------ Data provided

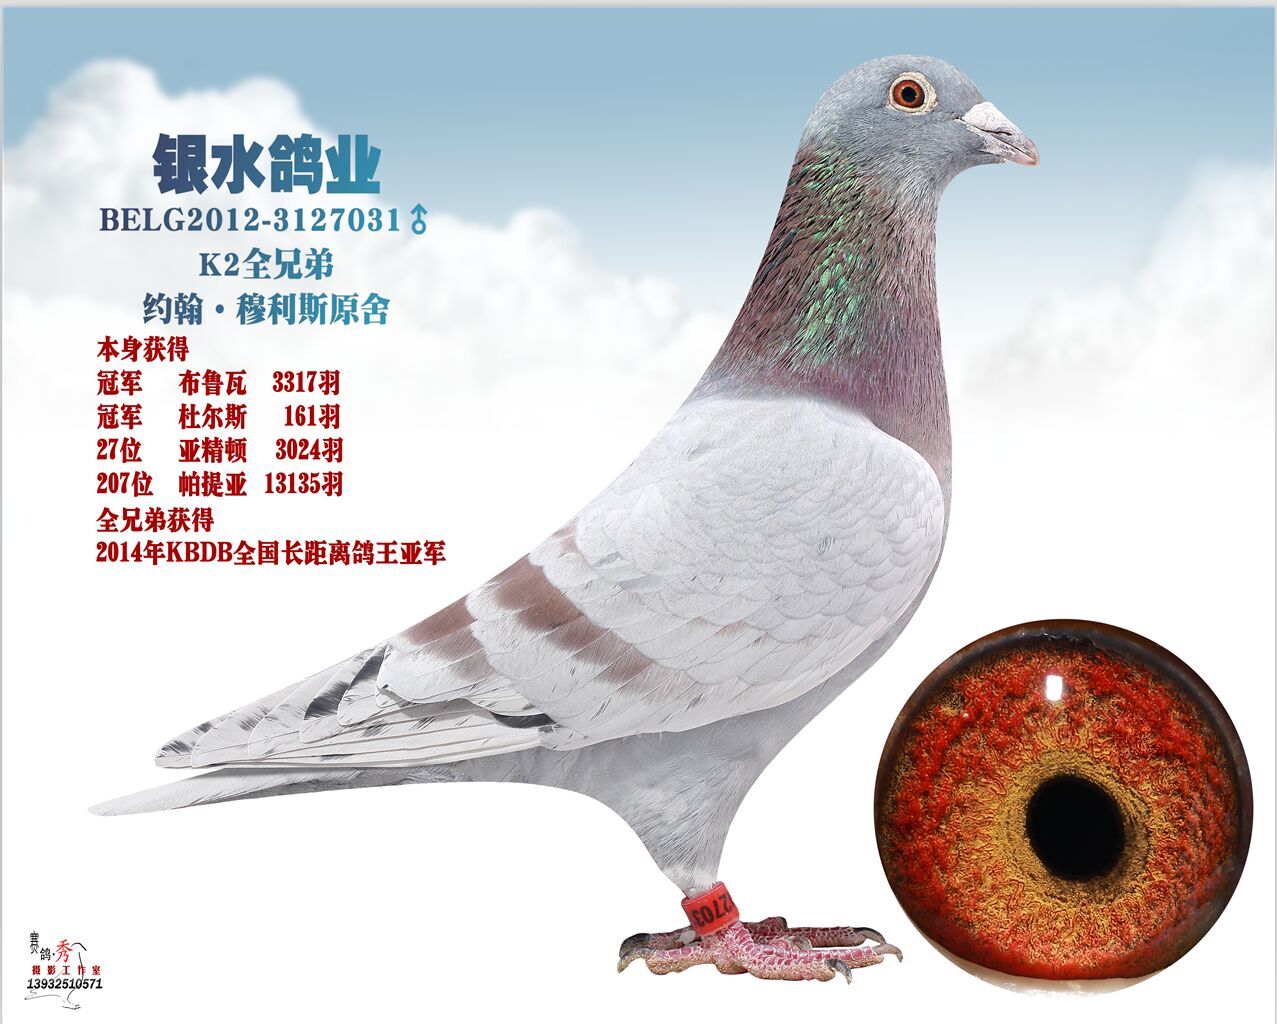 唐山银水鸽业种鸽图片图片
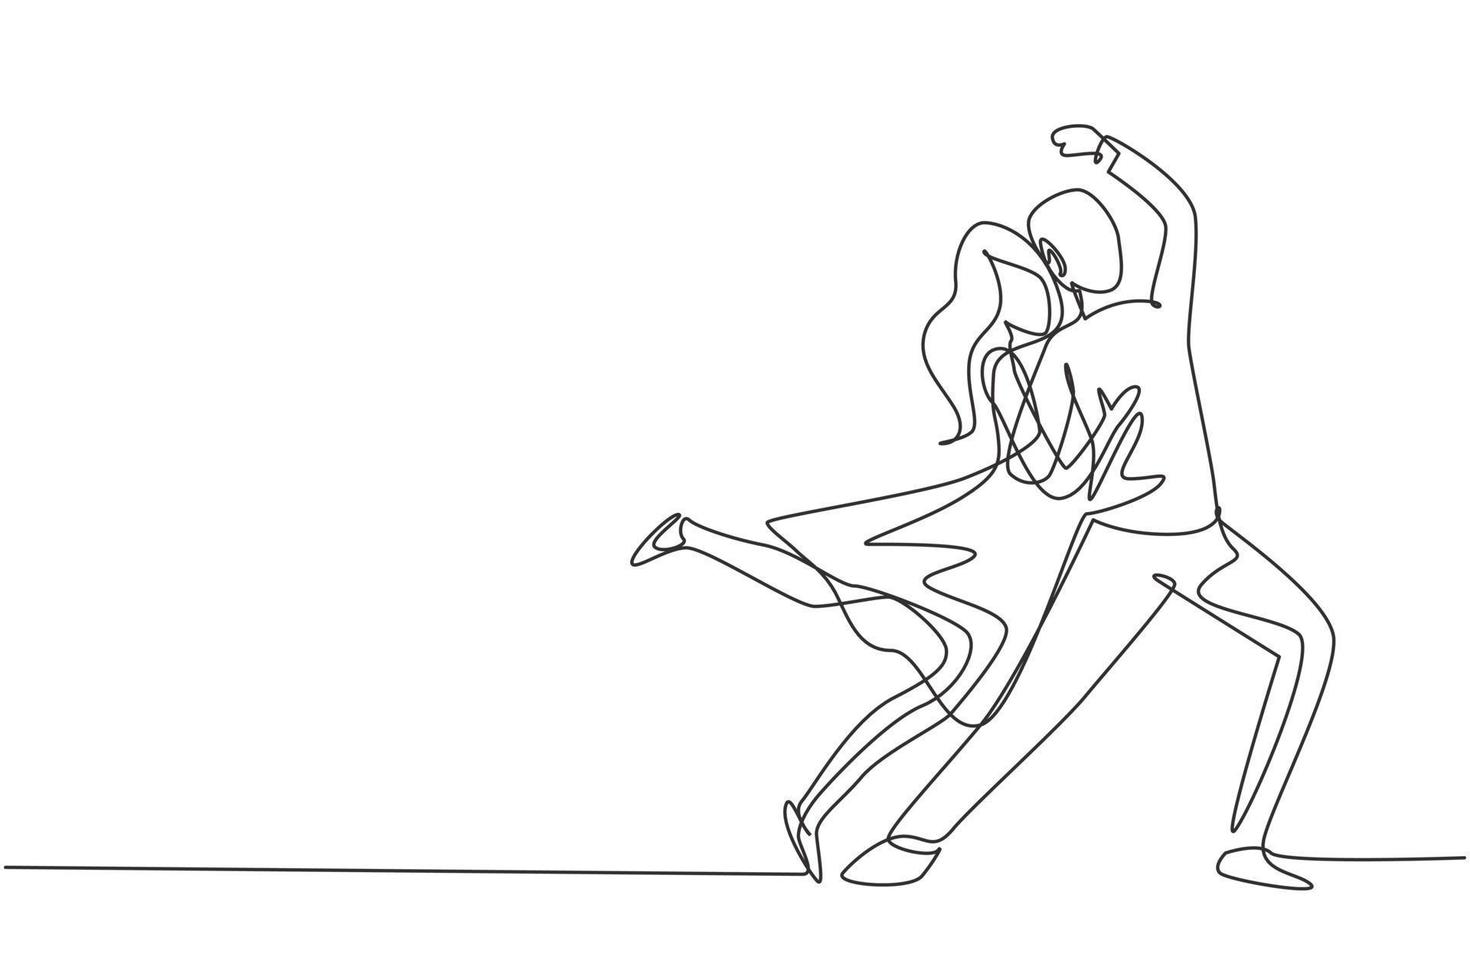 enkele één lijntekening man en vrouw die dans uitvoeren op school, studio, feest. mannelijke en vrouwelijke personages tango dansen in de nachtclub. moderne doorlopende lijn tekenen ontwerp grafische vectorillustratie vector
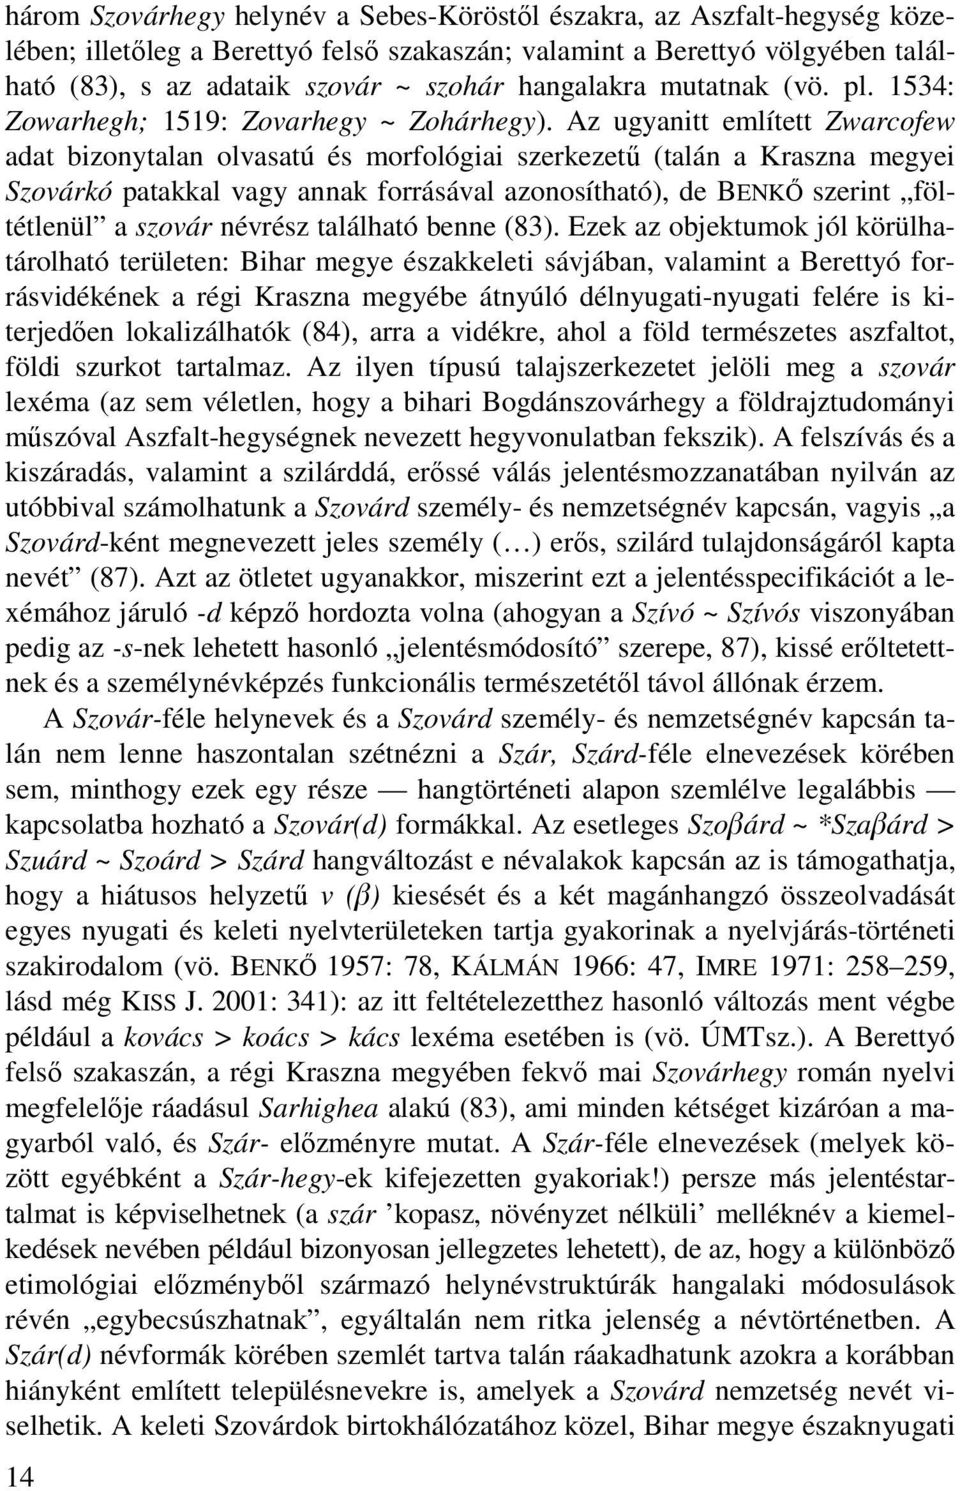 Az ugyanitt említett Zwarcofew adat bizonytalan olvasatú és morfológiai szerkezetű (talán a Kraszna megyei Szovárkó patakkal vagy annak forrásával azonosítható), de BENKŐ szerint föltétlenül a szovár

------------

◆ **Task**: A faithful transcription of the material, with no pictures, is the expected result.

◆ **Task response**:
 唐山银水鸽业种鸽图片图片
 enkele één lijntekening man en vrouw die dans uitvoeren op school, studio, feest. mannelijke en vrouwelijke personages tango dansen in de nachtclub. moderne doorlopende lijn tekenen ontwerp grafische vectorillustratie vector
 Az ugyanitt említett Zwarcofew adat bizonytalan olvasatú és morfológiai szerkezetű (talán a Kraszna megyei Szovárkó patakkal vagy annak forrásával azonosítható), de BENKŐ szerint föltétlenül a szovár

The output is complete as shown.